AI agent builds a mountain road in DWG from a single prompt
DWG is now a target format for AI agents in the same way Python is a target language. This demo shows the full path: a prompt of a few lines asks for a mountain road through three named locations on real terrain, and the agent works with no human intervention from there.
From prompt to finished DWG
Terrain and routing in Python
It fetches and parses the terrain tile and runs the routing algorithm in Python on its own — then uses the ODA MCP Server to turn the result into CAD geometry.
DWG and PDF output
The output is a single DWG file with the full scene and a technical PDF report on the road, both produced by the agent. The DWG opens and edits as ordinary CAD data in OdaMfcApp or AutoCAD.

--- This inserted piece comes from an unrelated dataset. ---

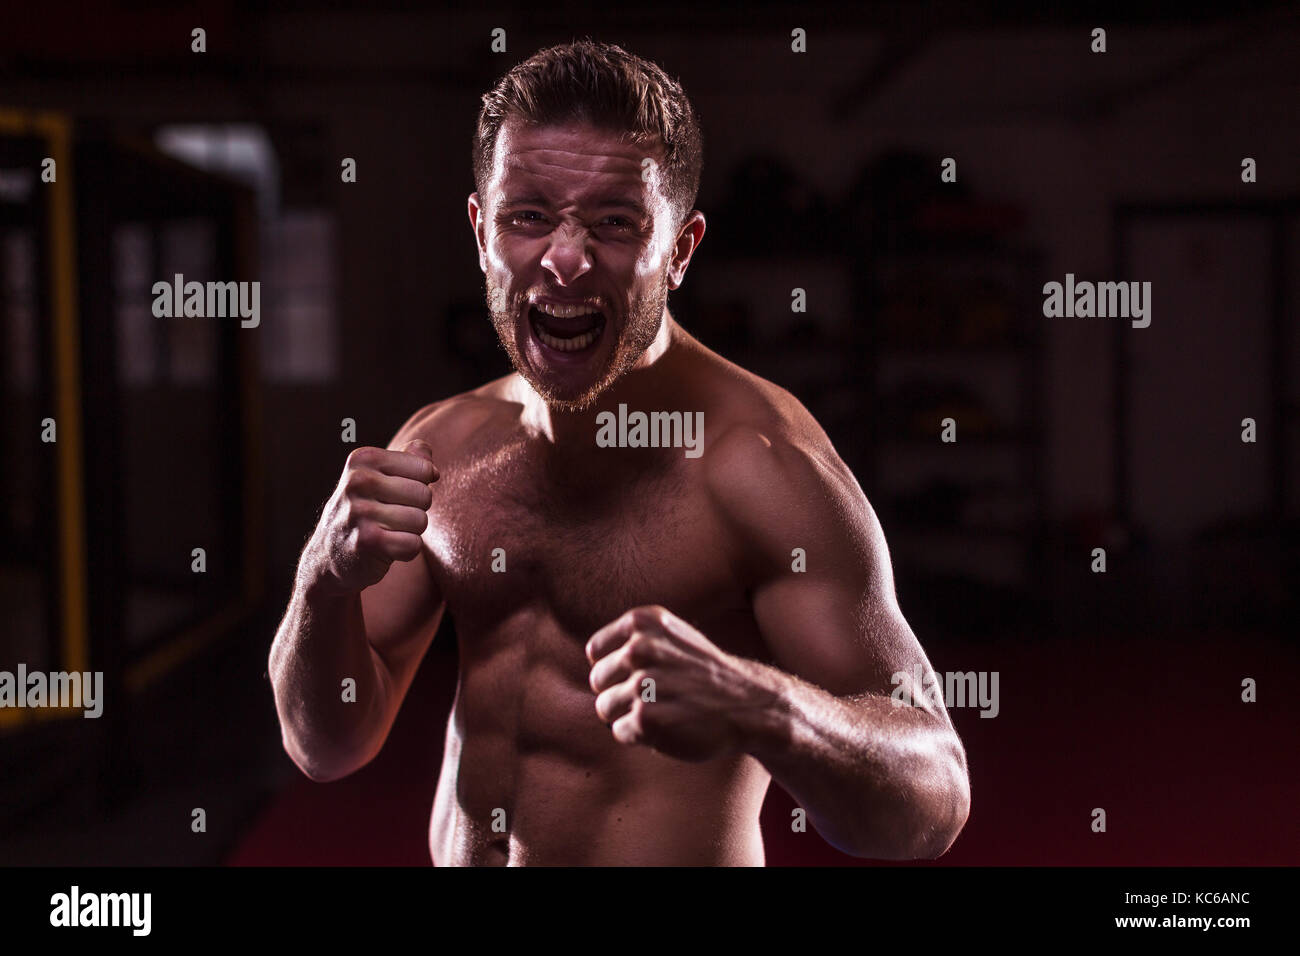 A male MMA fighter training kicks and punches in a dark gym Stock Photo

Interactive part with STEP MCP Embedded into Open STEP Viewer
- Run Open STEP Viewer, show MCP Plugin setup in File/Options/Plugins/STEP MCP Server
- In Visual Studio Code, Claude Code start command /mcp which shows a list of all available MCP servers
- Open list of tools for STEO MCP
- Open .step file in Open STEP Viewer
- Set appropriate view for hole to set Feature Hole be nicely visible, mark it up with small red circle for highlight cylindrical face of hole
- Enter prompt (see MCP_Movies_Prompts.txt, part 1)
- AI is finding product ID into Semantic Markup, getting its geometry, analyzing it, calculates volume, surface area, center of extents, center of mass, calculates masses for different materials, adds calculated values as user-defined properties to the product
- AI is looking at current snapshot (with red circle as markup), does "click" using select_in_scene MCP tool to pick highlighted face, calculating cylinder radius and depth for creating Hole Feature
- AI is adding a hole feature (green) for picked cylindrical face of hole
- AI is creating informational draughting model with South-East camera. It doesn't contain any PMIs.
- AI is creating informational draughting model with North-East camera, investigates detail and makes informational Leader PMIs with detail parts names
- AI is creating draughting models with Top, Front and Right cameras, investigates holes by using geometric representation for the product and creating appropriate diameter dimensions for their inner and outer radii.
- Show results:
- Created subtrees of SDAI instances for Hole Feature
- Isolate green Hole Feature
- Show newly created user-defined properties for the product
- Show one-by-one created draughting models views with PMIs
Batch part with stand-alone STEP and VSFX MCP servers interaction
AI creates single PDF document with STEP files overview.
- Run stand-alone STEP MCP over HTTPS protocol, show it's connected to the Claude Code AI agent.
- Enter prompt (see MCP_Movies_Prompts.txt, part 2)
- For several JPMI step files in directory
- Upload all files into STEP MCP
- AI is reading all uploaded STEP files for they to be accessed during the session (Semantic Markup is created for them implicitly which is available as MCP Resources "drawing://")
- AI is finding products within readed STEP files and is finding there products with their geometrical representations
- AI is investigating geometric representations and calculates volume, surface area, center of extents and center of masses for geometries in files, adding appropriate user-defined properties for products.
- AI is calculating masses for different materials, recommends materials for parts.
- These values will be used for PDF documentation creation.
- Importing STEP files into VSFX MCP for snapshots for draughting models creation
- AI is taking draughting models camera settings and provide them into VSFX MCP so it can provide snapshots for them, as separate PNG files.
- AI is creating single PDF file with documentation from calculated values and rendered snapshots, PDF contains analysis of parts geometry, recommendations on materials and snapshots with parts and attached PMIs for them.